A l’occasion de la sortie de son livre photo, nous avons posé quelques questions à Emilie, artiste féministe, militante et engagée.
Issue des Beaux Arts et de l’Ecole Nationale Supérieure de la Photographie , qu’est ce qui t’as donné envie de choisir ce parcours ?
J’ai testé pas mal de choses, les études de droit ( atroce), les études de lettres ( ennuyeux) , puis j’ai passé le concours des beaux arts. J’ai alors essayé différents médias, de la peinture abstraite en passant la sérigraphie ou la sculpture monumentale. Mais en 3 ans aux Beaux Art, l’image, fixe ou en mouvement, c’est à dire la photo et la vidéo, sont devenus mes "outils" de prédilection. J’ai donc décidé de me spécialiser, en tentant le concours d’entrée de l’école nationale supérieure de la photographie, ou j’ai passé 3 ans.

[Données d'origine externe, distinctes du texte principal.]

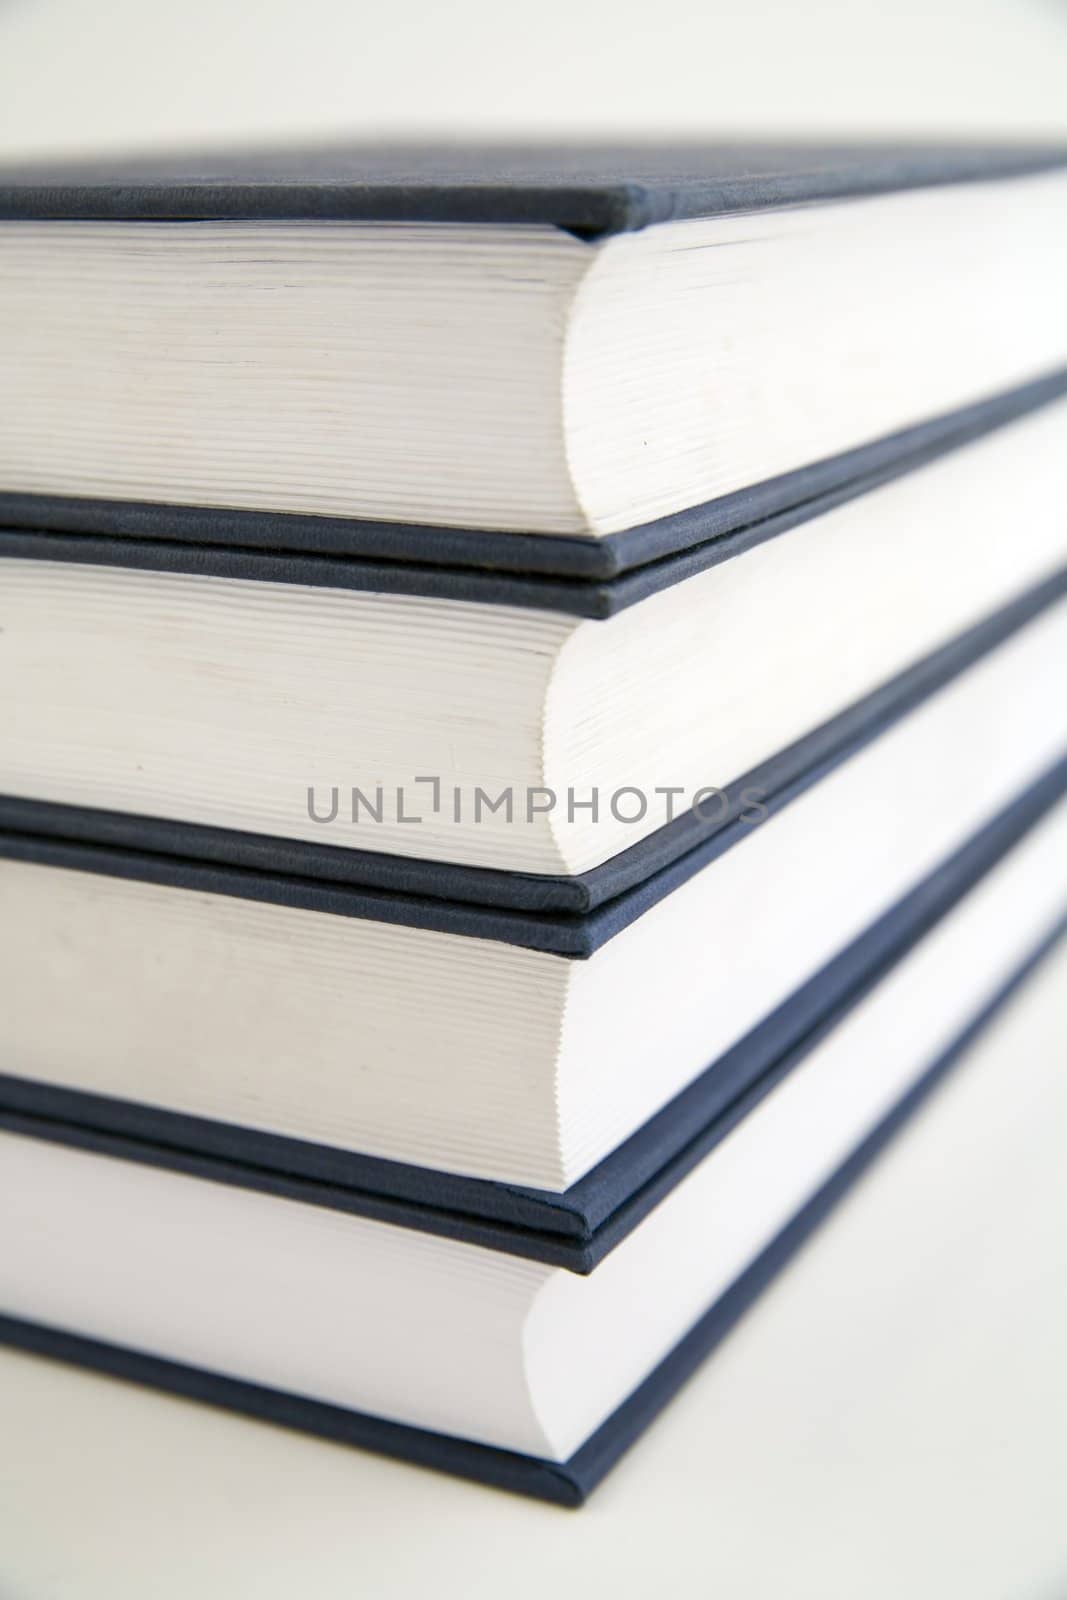 stack of books on the white background

Ton travail est militant parce qu’il ouvre un champ de visibilité sur la diversité des corps de femmes, lesbiennes, queer. Comment en es-tu arrivé à travailler sur ce thème plutôt que sur des paysages par exemple ?
Je suis rentrée aux Beaux Art la même année où je suis tombée amoureuse d’une fille, une étudiante de science-po. J’étais en plein rêve amoureux, et j’ai découvert avec étonnement la violence de la lesbophobie, y compris au sein de mes études. Le délire support-surface, la mécatronique, les paysages péri-urbains, les installations a base de poutres en bois et poste tv a l’envers, tout ce qui était (et est encore) super vendeur dans le milieu de "l’art content-pour-rien" m’ennuyait profondément. C’était avant le pacs, les lesbiennes se cachaient encore beaucoup, et les images nous représentant étaient quasi-inexistantes. ça m’a donné envie d’en faire moi-même, même si ça m’a valu de durs combats et beaucoup de censure.
Comment et dans quelles circonstances sont prises tes photos ?
C’est le plus souvent sur le vif, sans studio ni lumières.
Cependant il y a parfois une certaine "mise en scène du réel", car la personne que je prends en photo peux se mettre elle-même en scène selon ses désirs.
Il y a des personnes très proches, amies ou amours, que je suis depuis des années, et je prend en photo différentes étapes de leur/nos vies, dans un cadre plutôt intimiste. Mais il y a aussi des rencontres due au hasard, dans la nuit, dans les bars, dans la rue.
Pour toi c’est quoi une photo réussie ?
Une photo dont je ne me lasse pas, même des années après.
Ton premier livre photo va sortir et il regroupe 15 ans de photo. Comment as tu fait pour choisir parmi des centaines voir des milliers de clichés ? ça a du être difficile ?
C’était très long. J’ai du ressortir tout les disques durs, cd et dvds, négatifs, accumulés pendant toutes ces années.
Tout cela constituait un album photo géant, avec des milliers de visages, d’histoires. J’en ai sélectionné 1000, puis 500, puis 300..
Ensuite j’ai accroché toutes les photos imprimées afin de commencer a faire un chemin de fer, car dans un livre les images sont en vis-à-vis, se répondent entre elles, cela peut complètement changer le sens d’une image quand tu la places a coté d’une autre.
Est que parmi toutes ces photos, c’est possible d’avoir une préférée ?
J’ai toujours de nouvelles préférées ! En ce moment c’est ces deux là :
En tournant tes films, est ce que tu utilises le même regard photographique, ou c’est pour toi totalement différent ?
Esthétiquement, je trouve le résultat assez différent, même si on trouve bien sur des similitudes dans les sujets, les couleurs, les ambiances.
Si tu devais choisir entre réalisatrice ou photographe ?
Mon cœur va a la photo, mais je trouve que les films sont parfois plus efficaces pour transmettre des idées au plus grand nombre.
Te souviens tu de ta toute première photo ?
Oui, un portrait de mon petit frère que j’avais recouvert de feuilles pour le déguiser en buisson, avec Cyclone, notre (feu) vieux chien, portant une cape de Zorro et des lunettes d’ aviateur. Comme dit Ru Paul, “we’re born naked, and the rest is drag !”.